* GOAL OF THE EXERCISE
Output all of the data exactly as it appears, but leave out any pictures it contains.
-------- MATERIAL PROVIDED
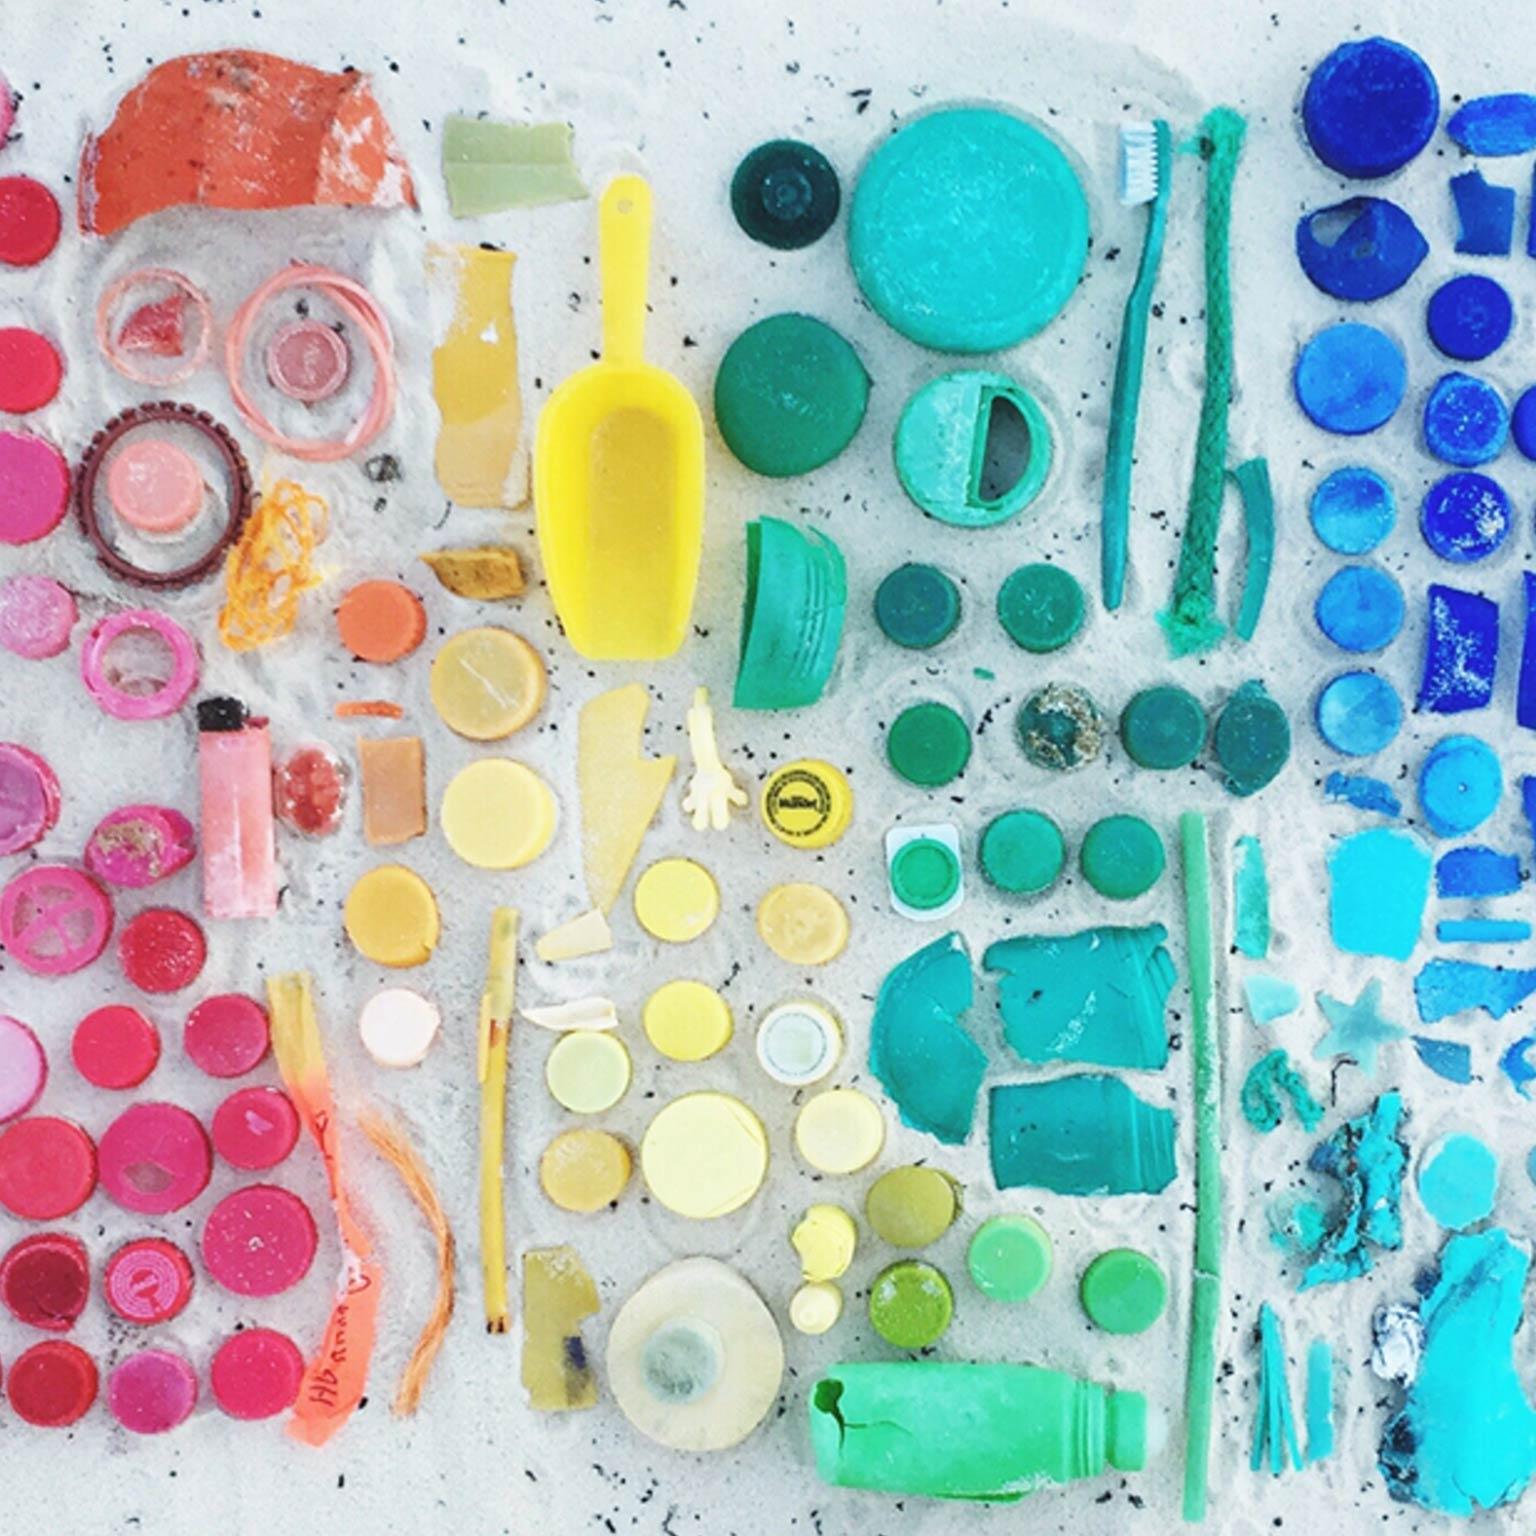 1) Plastic - 1869
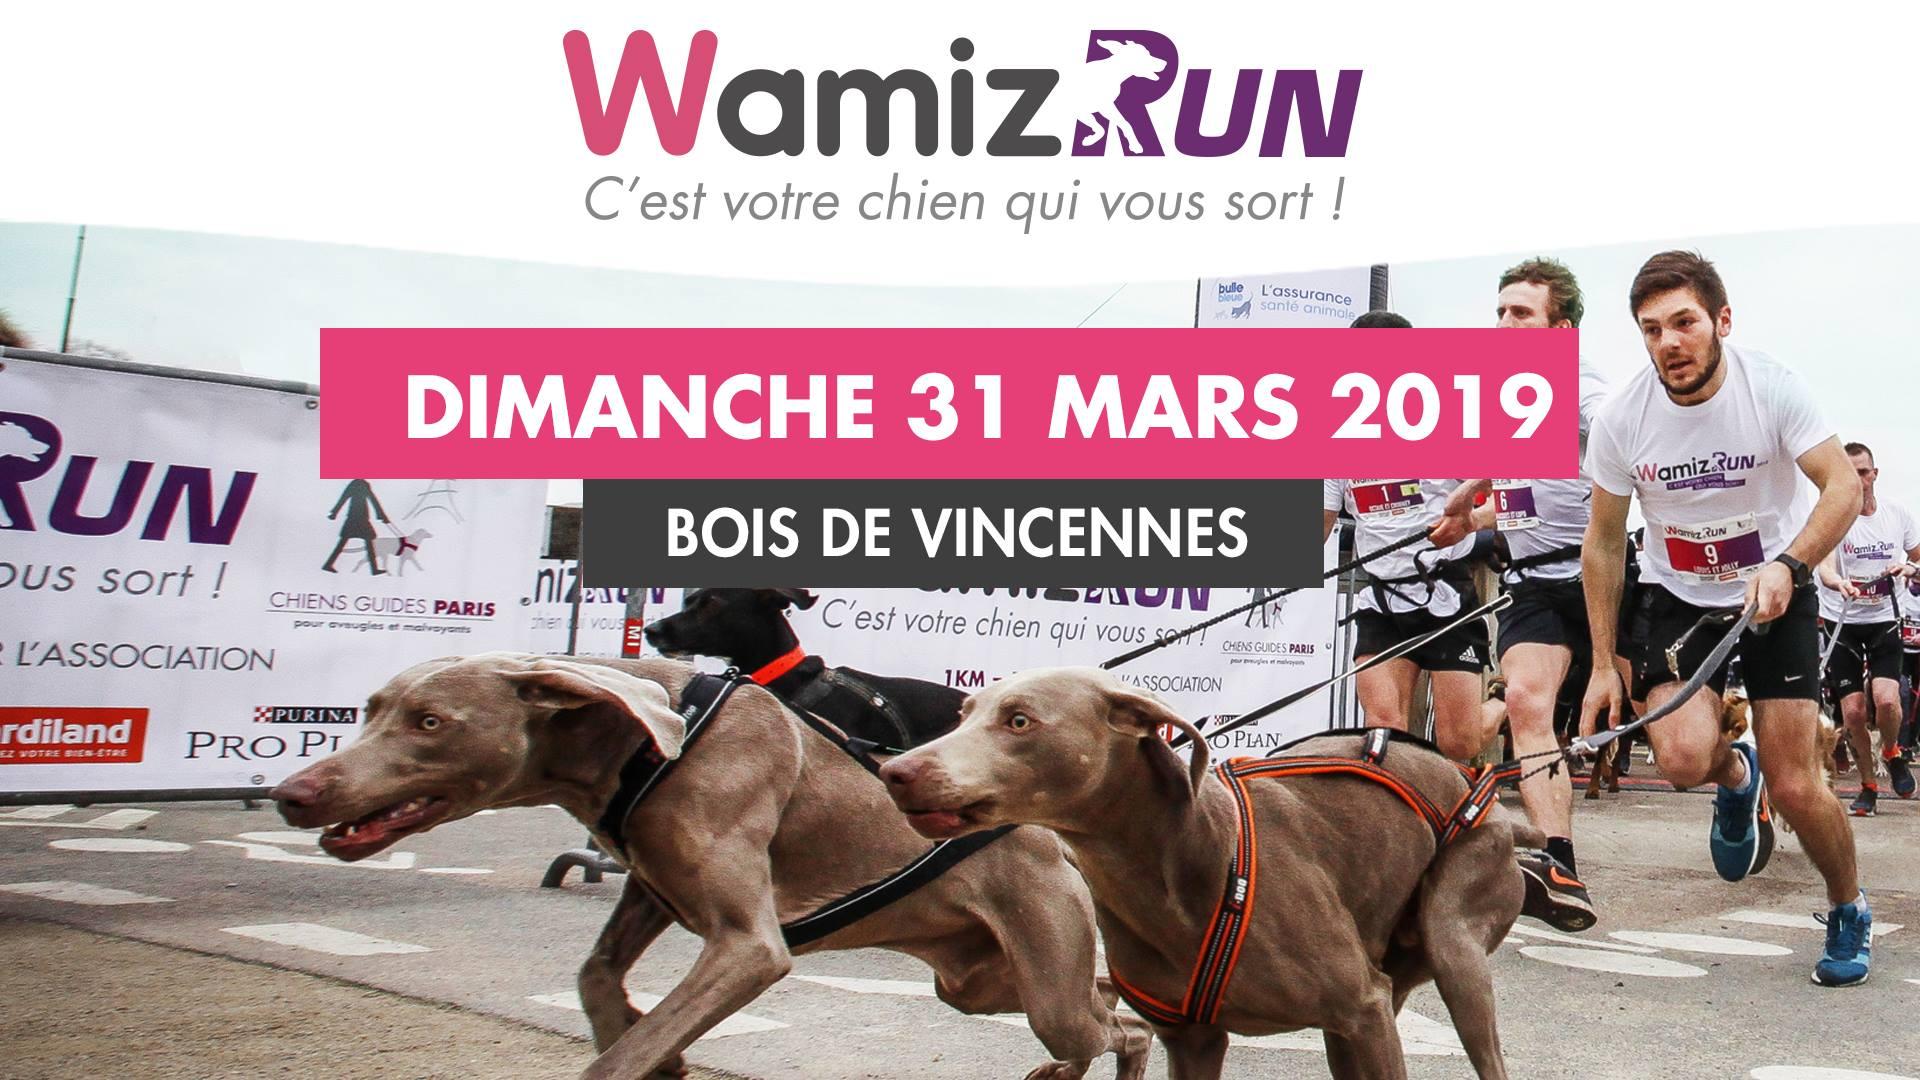 """Résultat de recherche d'images pour """"wamiz run"""""""
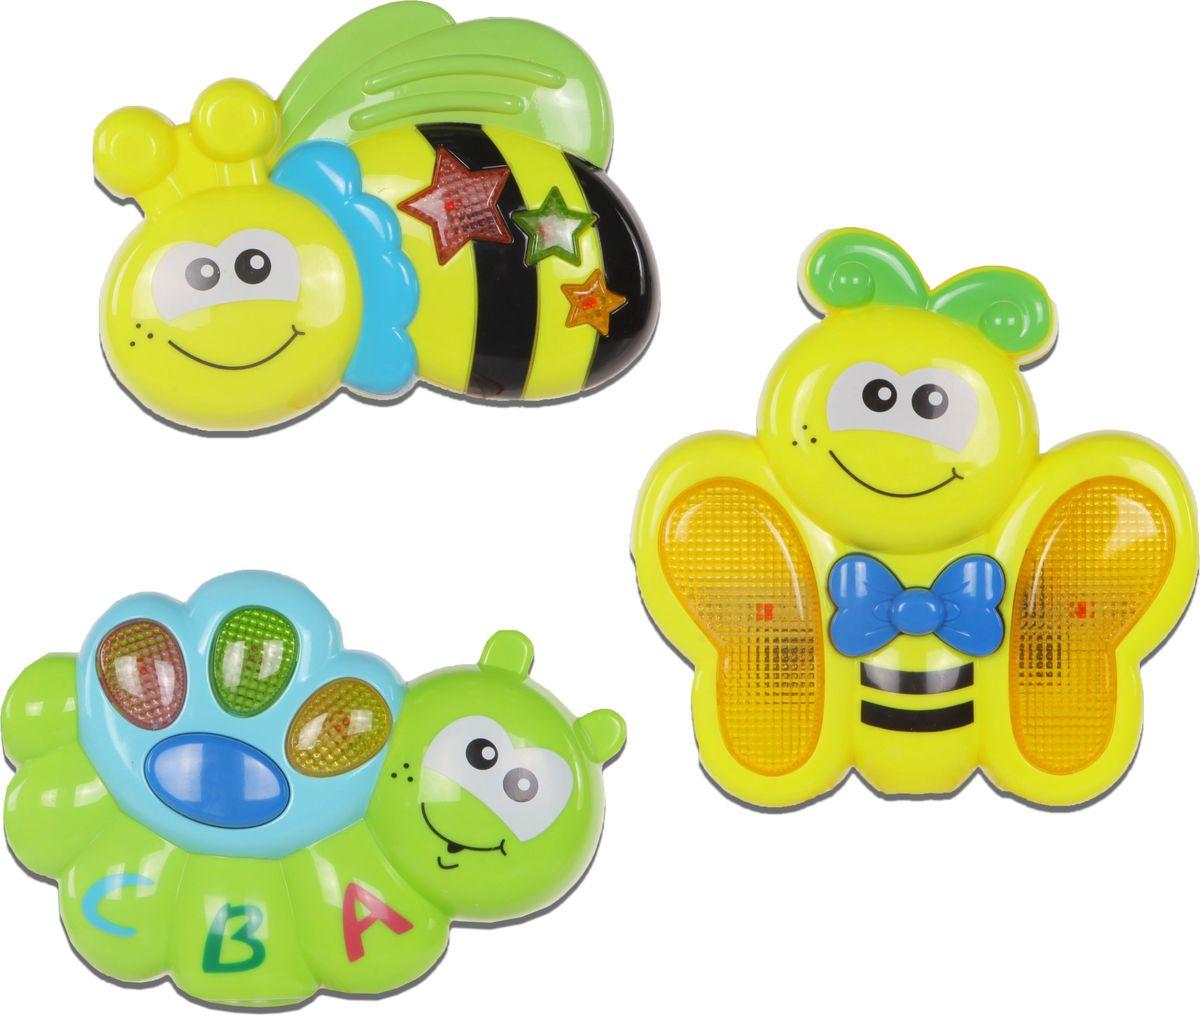 Huile Toys Набор развивающих музыкальных игрушек 3 шт Y1567218 цена
----------------
* TASK RESULT
 1) Plastic - 1869
 """Résultat de recherche d'images pour """"wamiz run"""""""
 Huile Toys Набор развивающих музыкальных игрушек 3 шт Y1567218 цена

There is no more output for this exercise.